Directions:
Reproduce the whole listing below without its pictures, exactly as written.

Material provided:
※ ※ ※

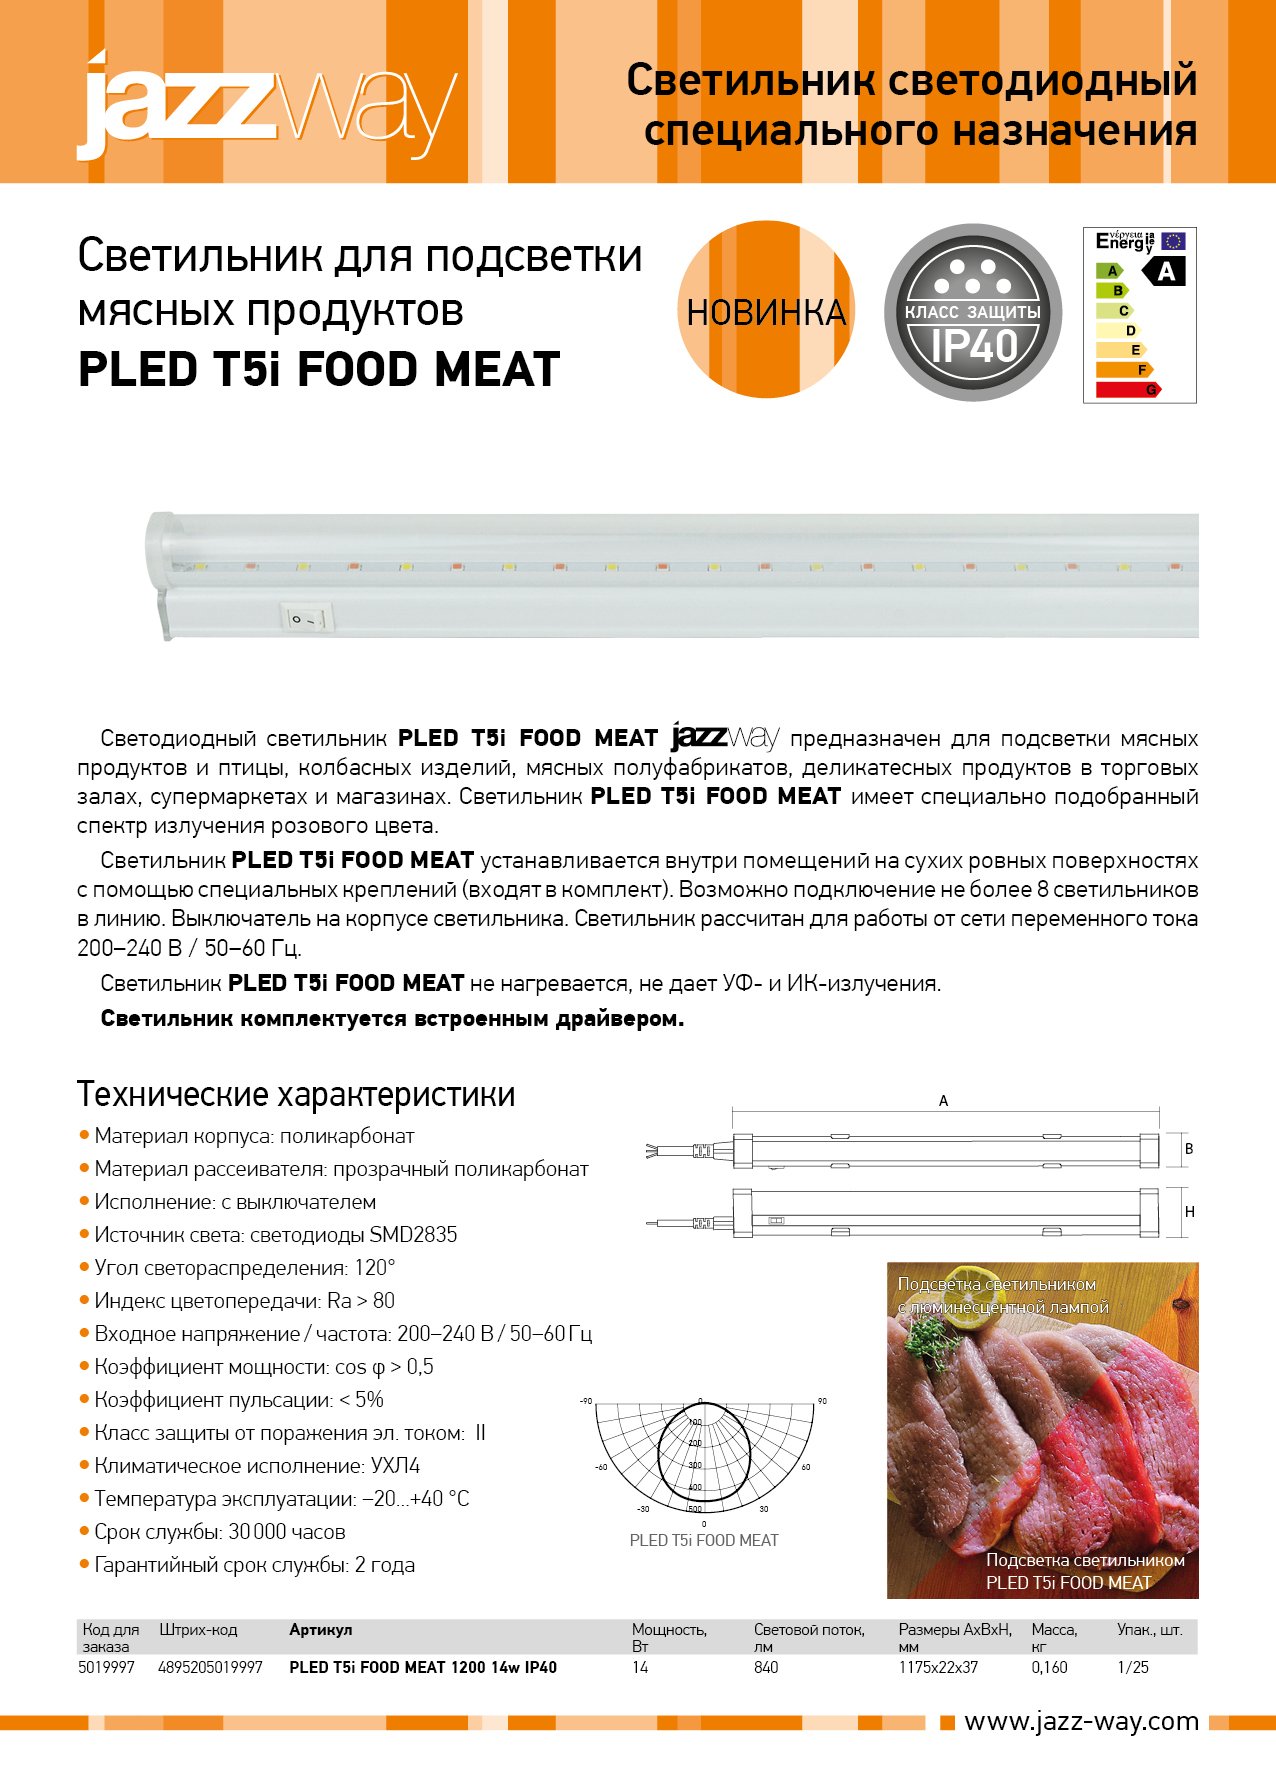 Светильник для подсветки мясных продуктов PLED T5i FOOD MEAT
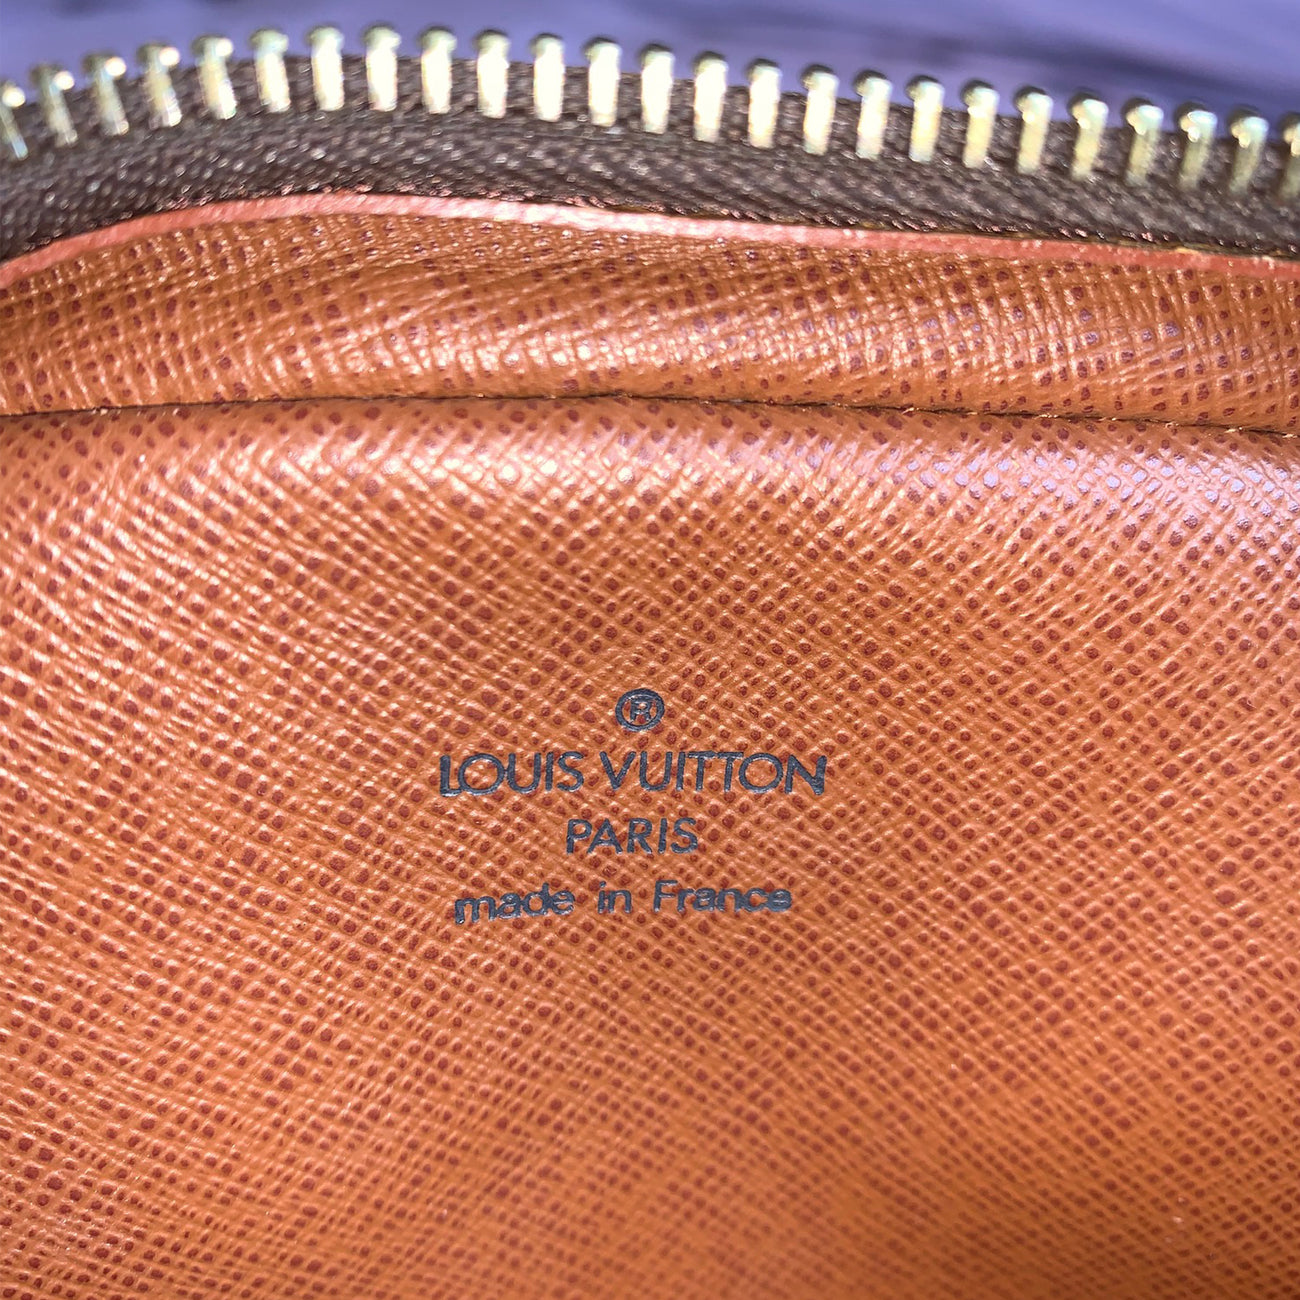 Louis Vuitton Loop Bag @louisvuitton #louisvuitton #loopbag
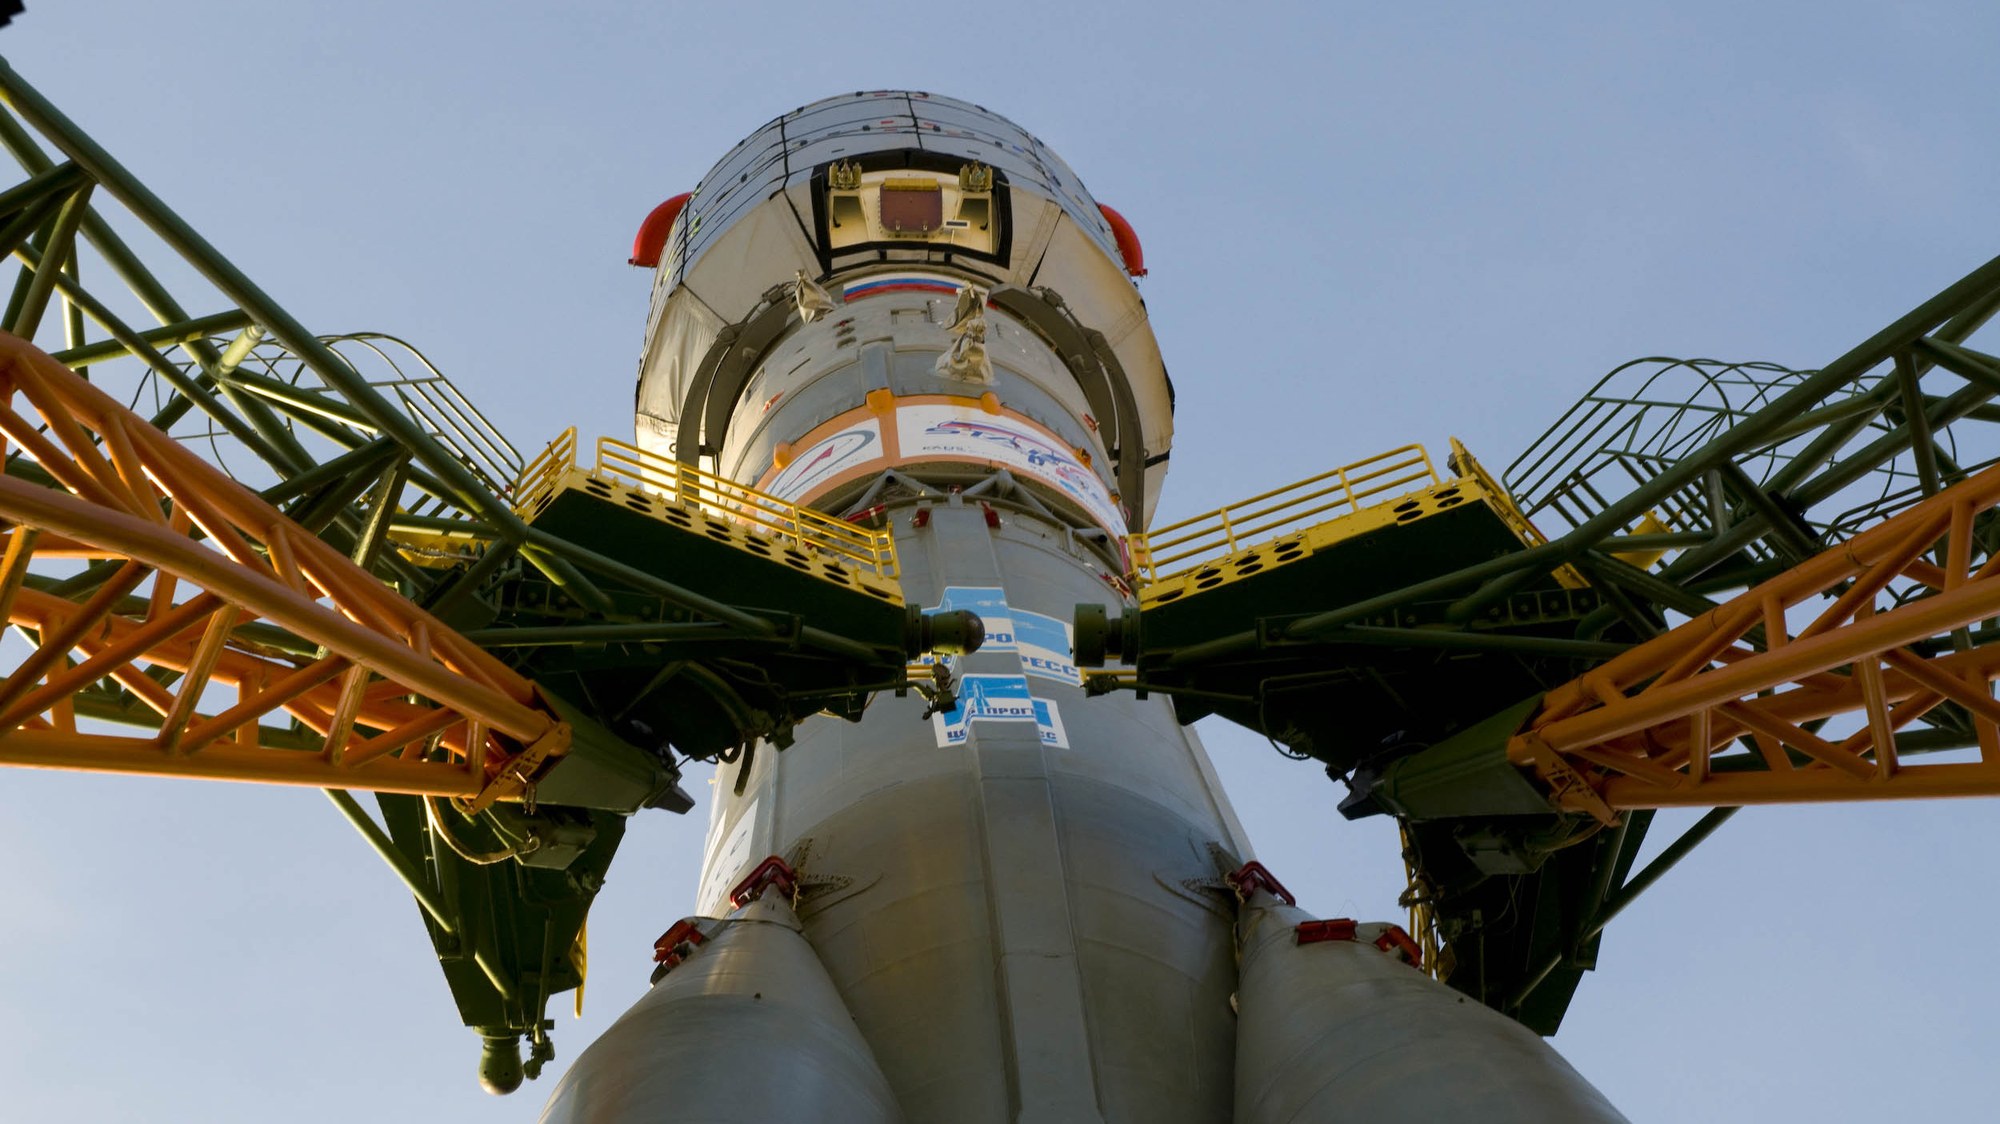 Soyuz Fregat launch vehicle with Galileo
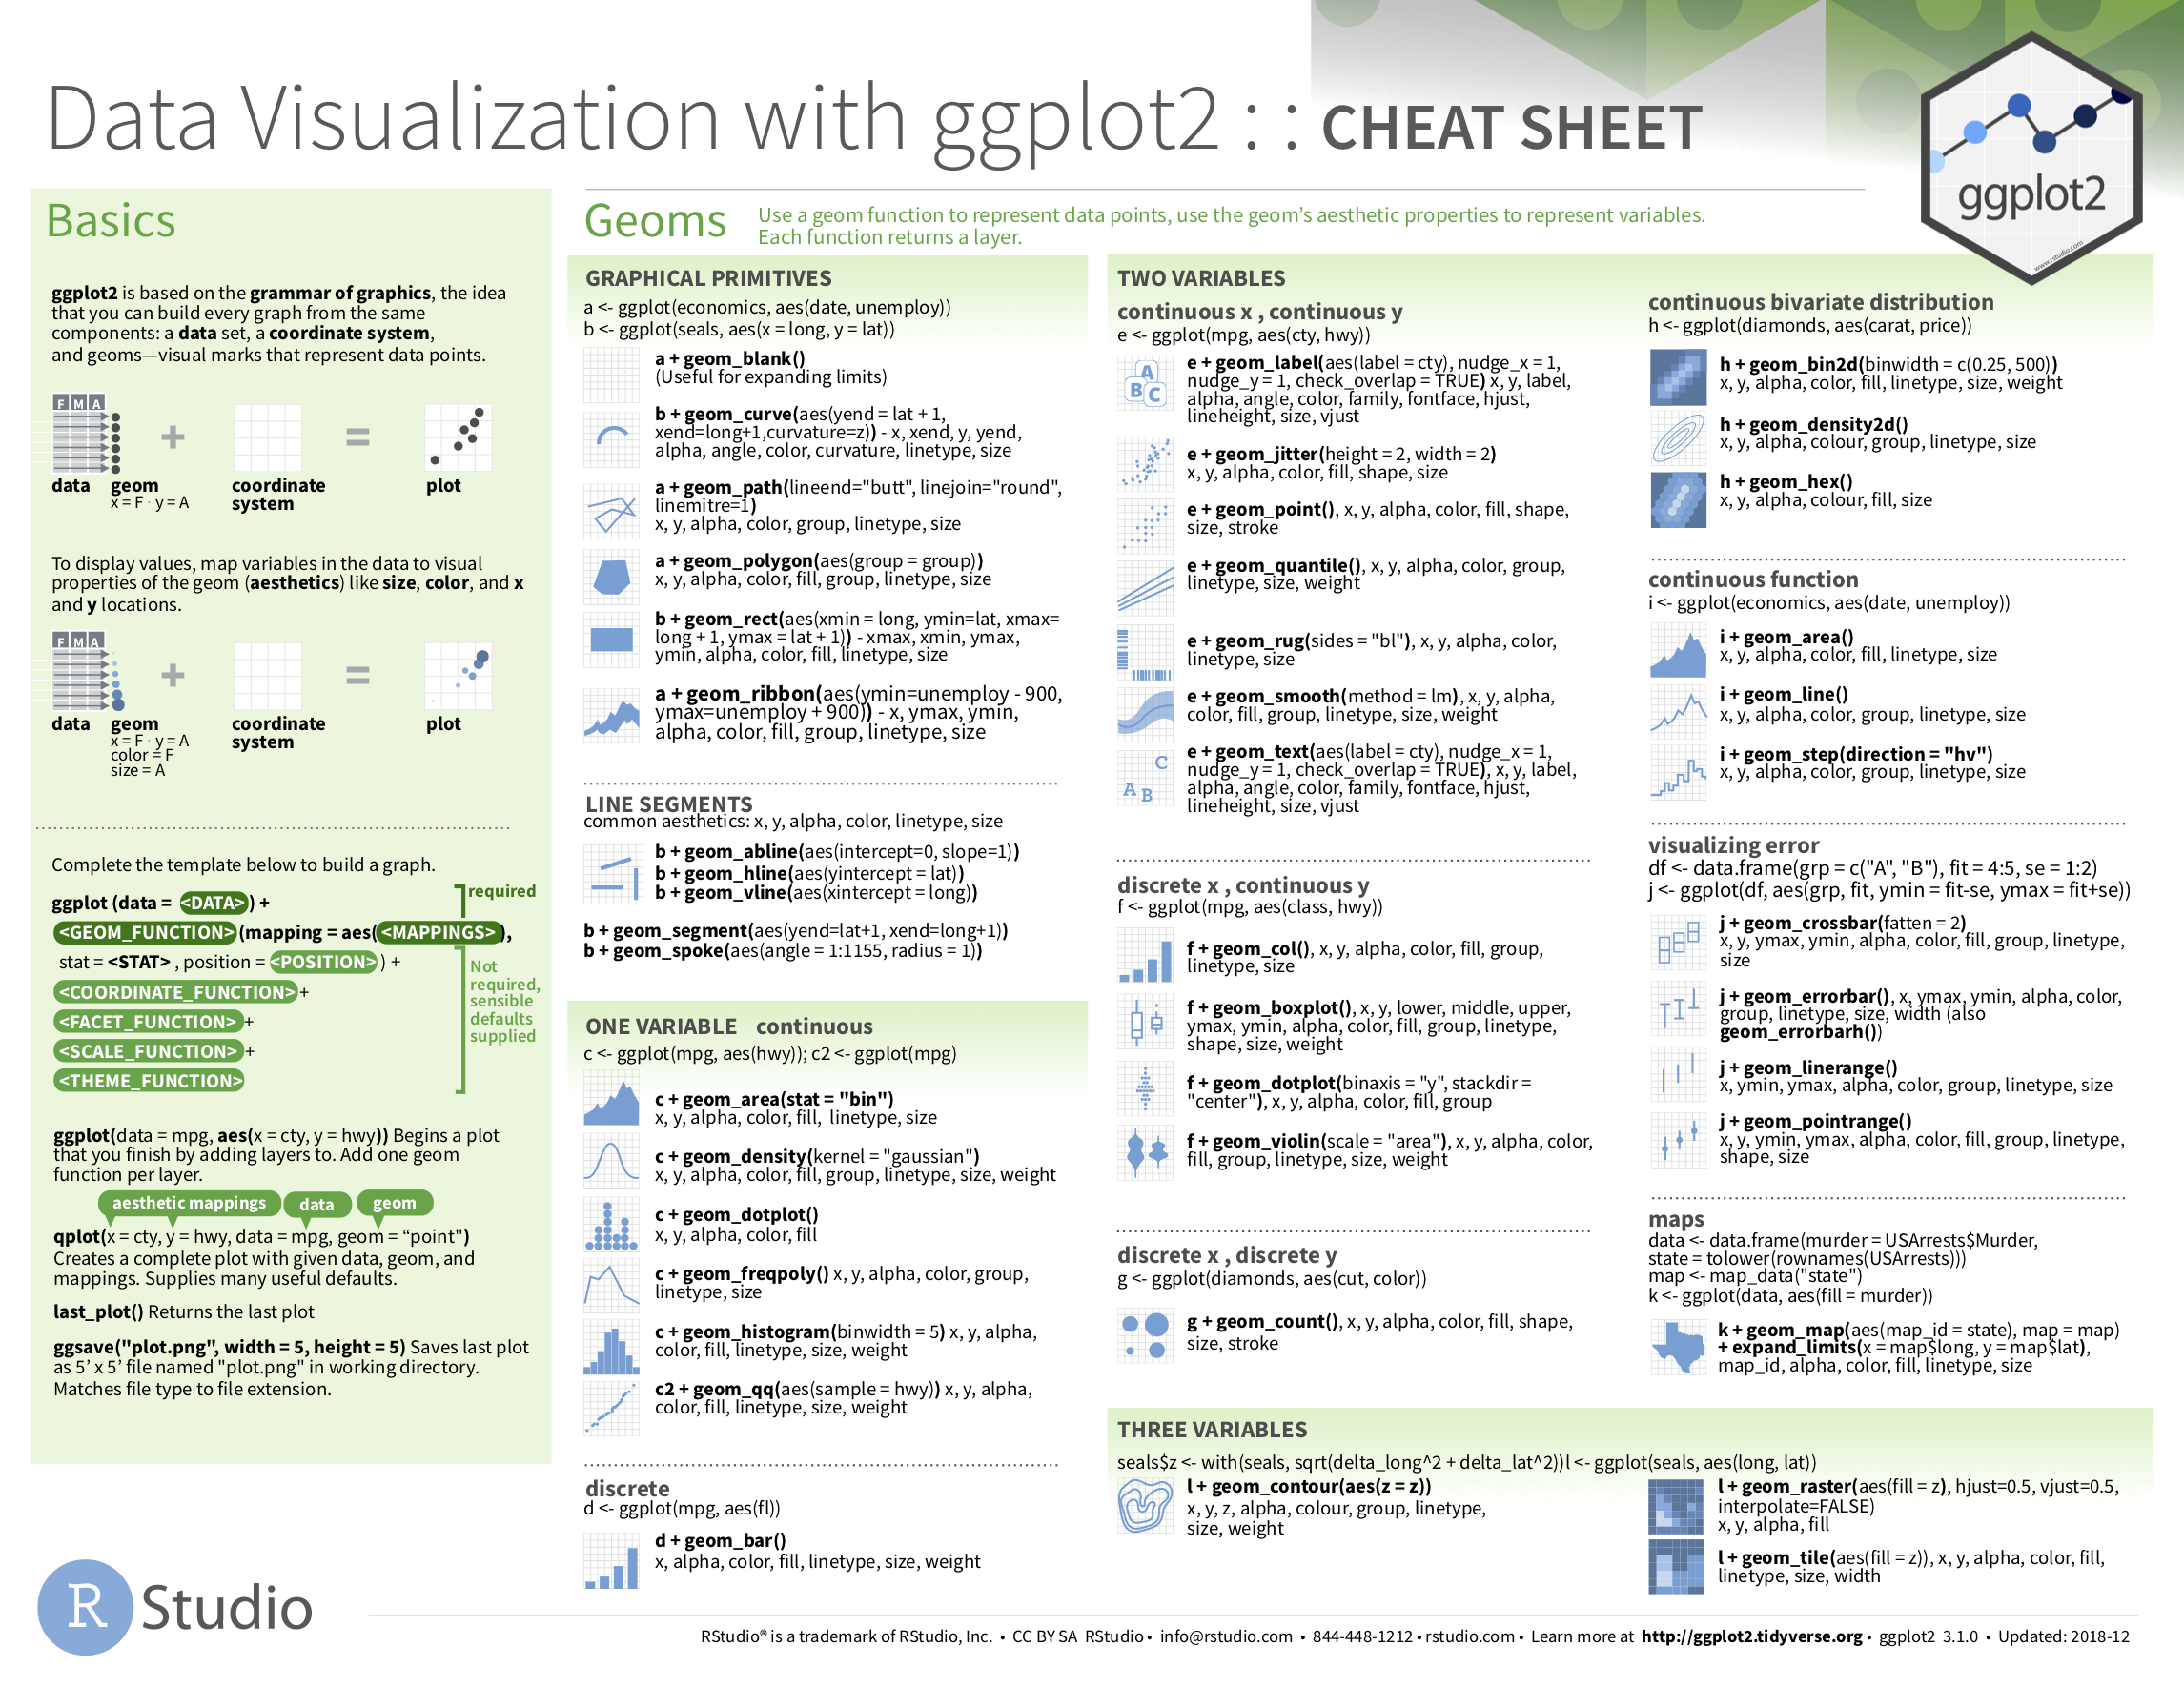 Data Visualization with ggplot2 cheatsheat.

※ ※ ※

Solved problem:
 Светильник для подсветки мясных продуктов PLED T5i FOOD MEAT
 Louis Vuitton Loop Bag @louisvuitton #louisvuitton #loopbag
 Soyuz Fregat launch vehicle with Galileo
 Data Visualization with ggplot2 cheatsheat.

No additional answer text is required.